Monday, March 9, 2026

How to Stop Chickening Out - Martin Wiles

How to Stop Chickening Out
So they spread this bad report about the land among the Israelites: “The land we traveled through and explored will devour anyone who goes to live there. All the people we saw were huge.” Numbers 13:32 NLT

I was young when I learned chicken wasn’t necessarily a chicken. Chickens ran around my grandmother’s yard during the day and were locked up in the coop at night. But if my cousin asked me to do something I was scared to do and I didn’t do it, he labeled me a chicken. And since I was somewhat afraid of adventure, I often wore the label.

“I bet you won’t jump off the tractor shed,” he might say.

“Are you crazy?” I’d respond.

“Chicken. Bak, bak, bak.”

Or if it was something I initially said I’d do but then changed my mind about at the last minute, I would be accused of chickening out. Either way, I was a chicken.

Of the twelve spies Moses sent into the Promised Land, ten chickened out. Four hundred years of Egyptian slavery was behind the Israelites. Now, they stood on the border of the land God had promised their ancestors. Out of fear—or good sense—Moses sent twelve men to peruse the land. It was promising all right, but was also guarded by giants and walled cities. Only Joshua and Caleb maintained they could take the land. The majority’s disobedience cost the Israelites forty years of wilderness wandering.

It sounds reassuring to tell people God won’t ask them to do anything they can’t do—but most of the time that’s not true. God often asks us to do things we can’t do. If we can do it, we don’t need him. If we can’t do it—but He helps us do it—then the spotlight shines on him, and he gets the glory for what’s accomplished.

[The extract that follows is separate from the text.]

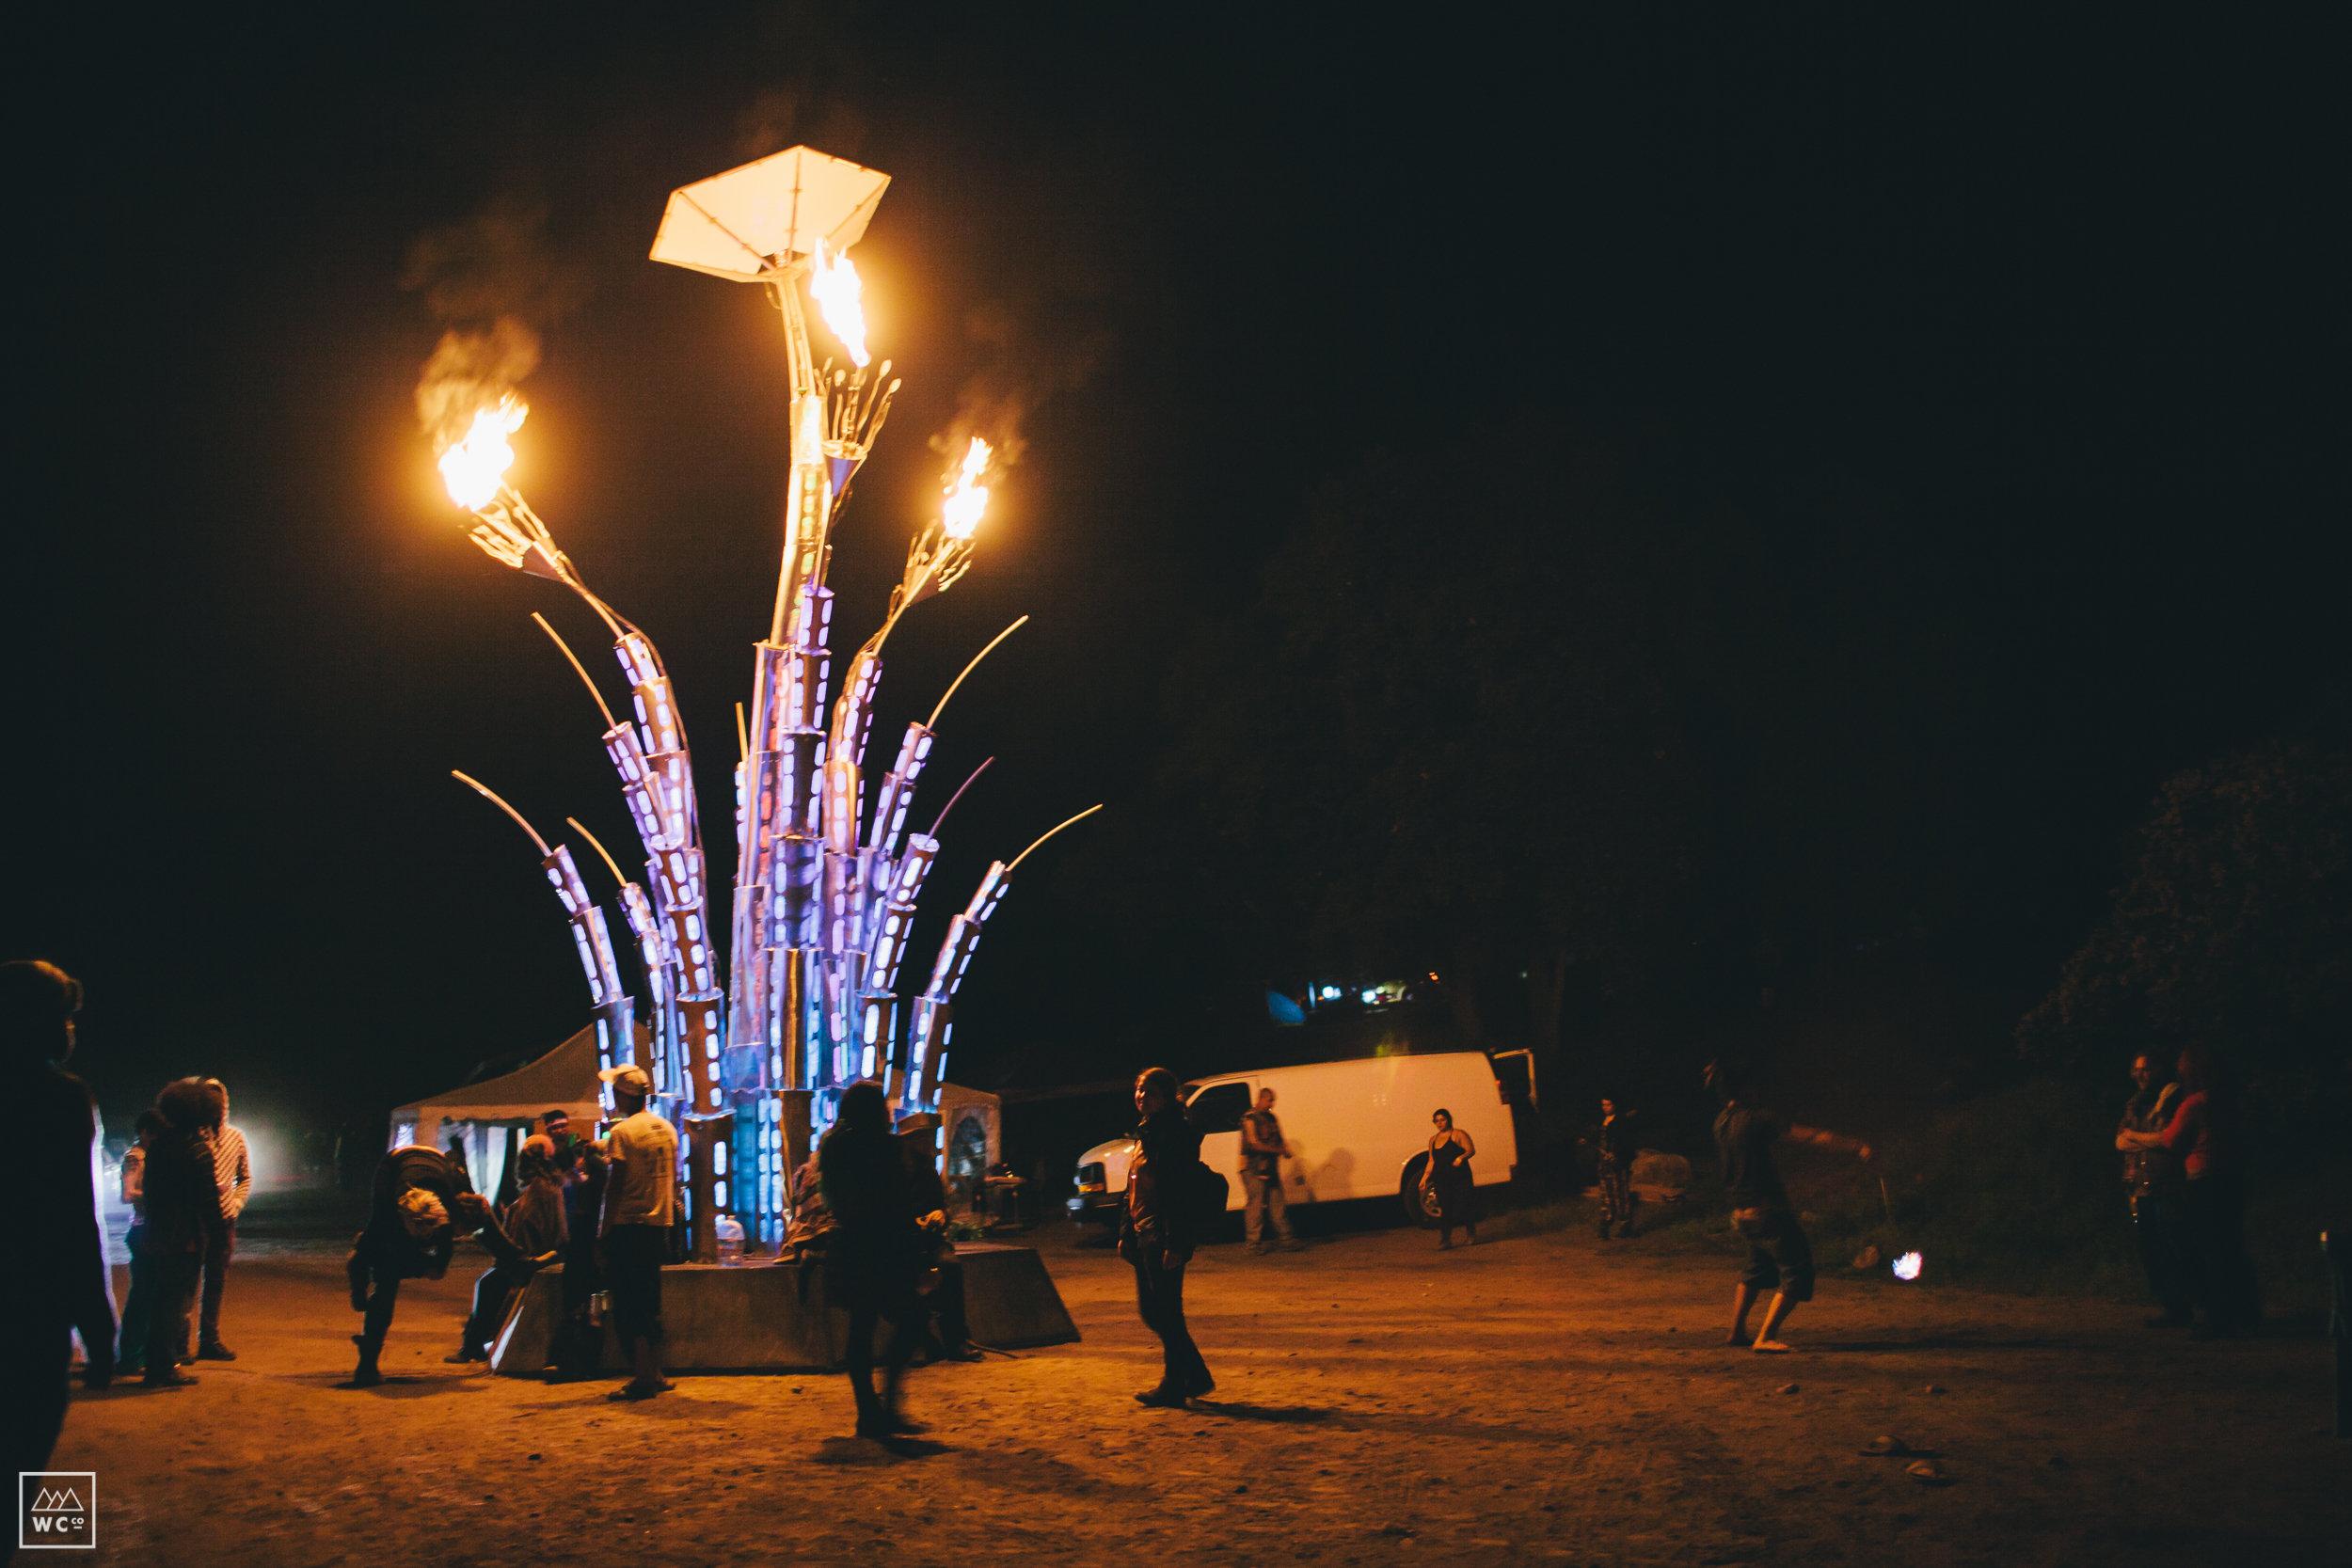 View More: http://wintercreative.pass.us/serenity-gathering-2015

What God asks of us, he enables us to do. He would have enabled the people to conquer the land—and he did for another generation forty years later. The walled cities and giants were no problem for them when God was their guide.

I wonder how many things we’ve missed doing for God because we chickened out and never started. Living the Christian life involves faith and trust, and sometimes the faith must be blind faith—the kind children have.

Don’t chicken out on what God asks of you. He’ll always supply the strength, the way, and the courage.

Father, help me to trust you for the wisdom and power to do everything you ask.